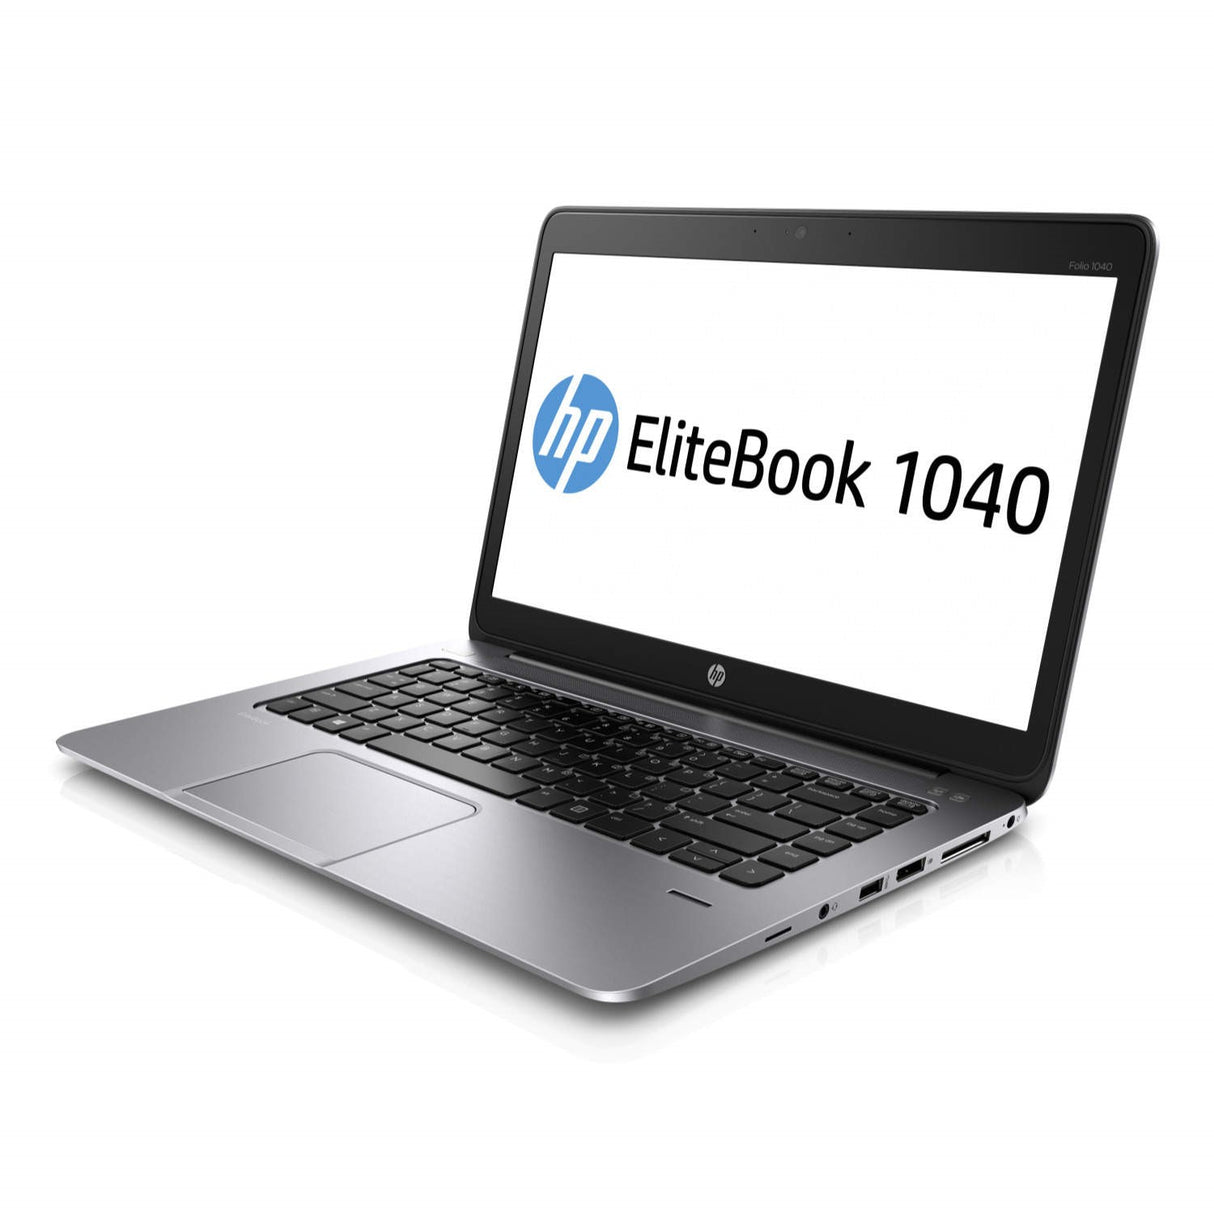 HP EliteBook 1040 G1 i5 4th Gen 4GB 180GB Windows 10 Home
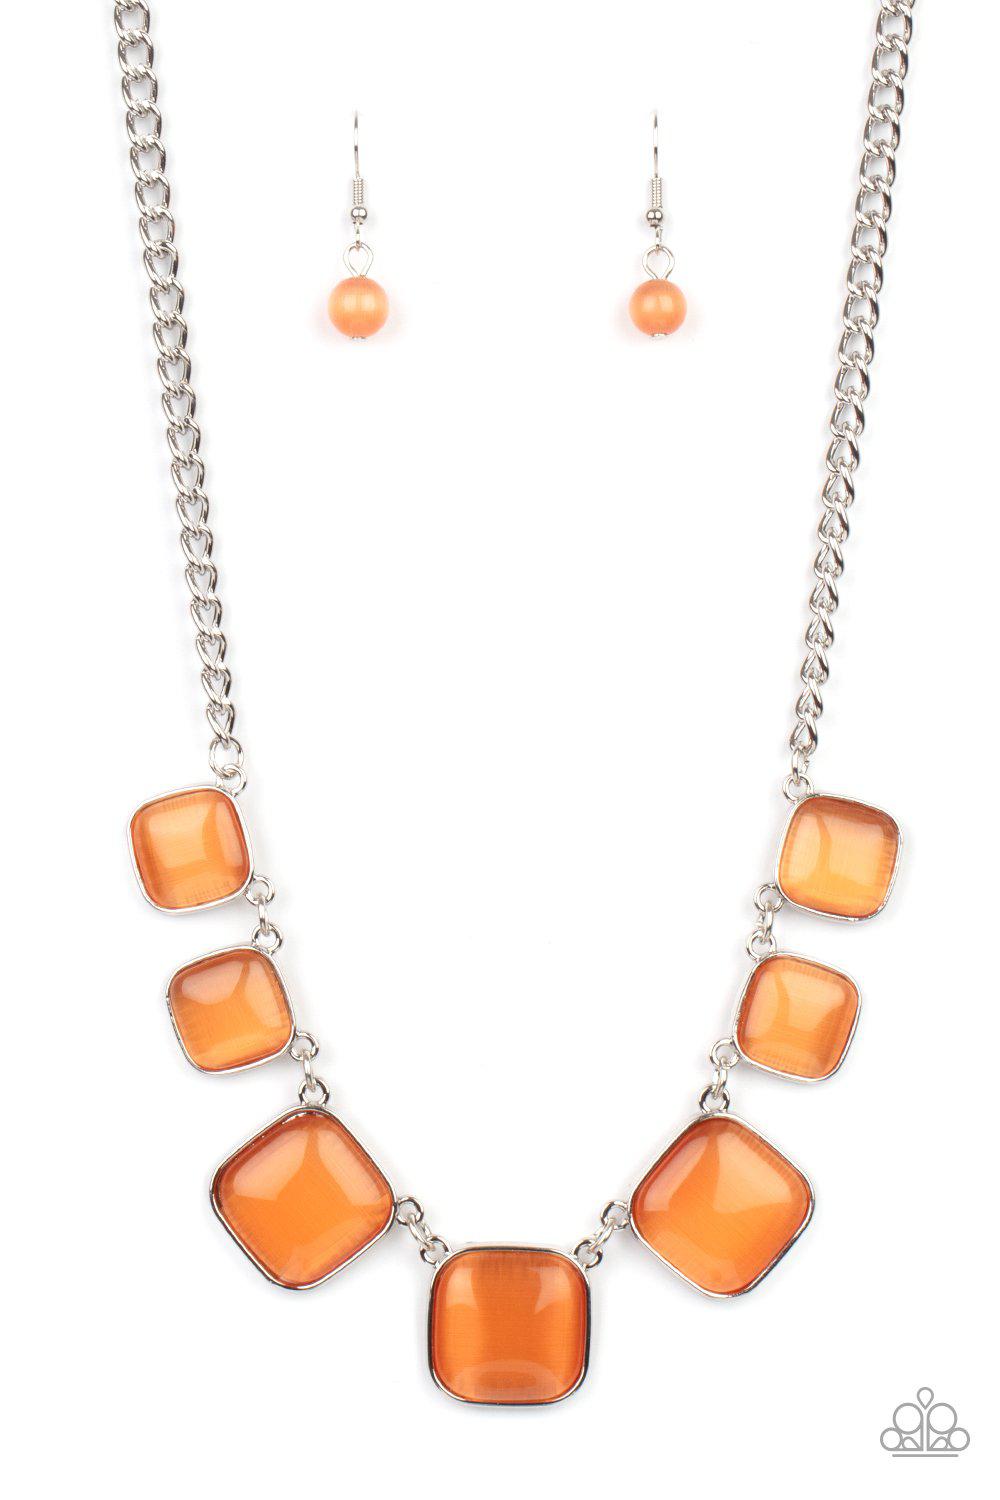 Aura Allure Orange Cat&#39;s Eye Stone Necklace - Paparazzi Accessories- lightbox - CarasShop.com - $5 Jewelry by Cara Jewels
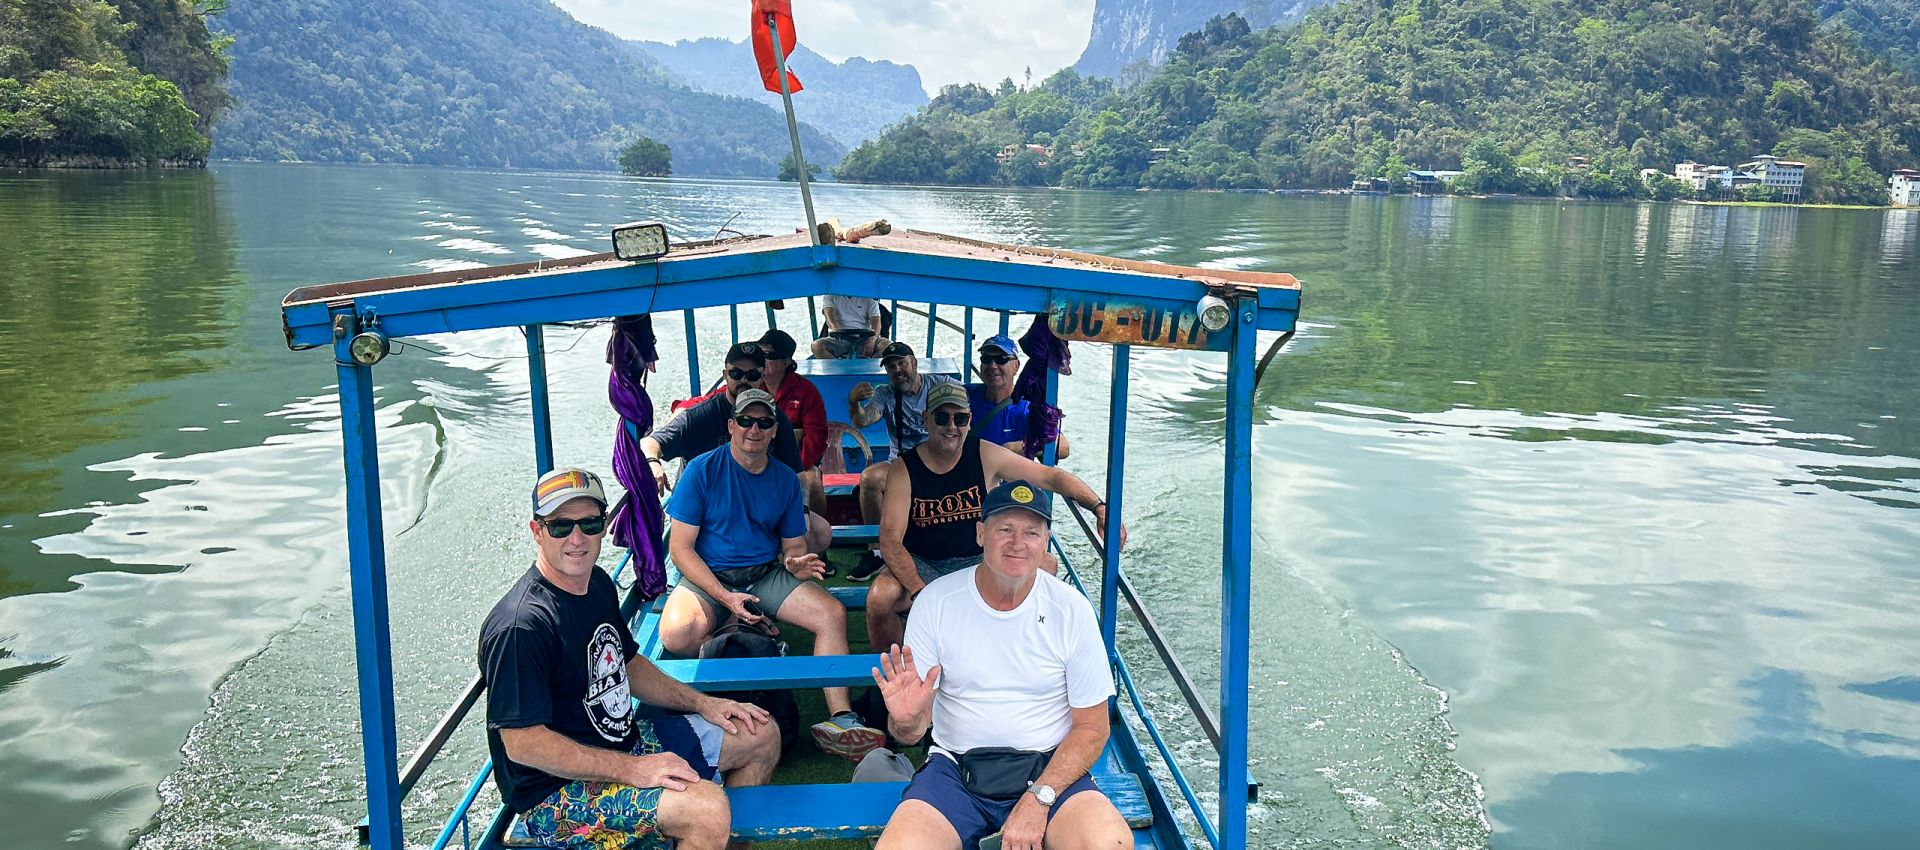 Vietnam Adventure Tour - 3 Day Escape To Ba Bể Lake

++++

*EXERCISE GOAL*.
In the copy you return, include exactly the lines from the one containing "Aura Allure Orange" through the final line of the listing, and no pictures.

*SOLUTION TO THIS TASK*.
 Aura Allure Orange Cat&#39;s Eye Stone Necklace - Paparazzi Accessories- lightbox - CarasShop.com - $5 Jewelry by Cara Jewels
 Vietnam Adventure Tour - 3 Day Escape To Ba Bể Lake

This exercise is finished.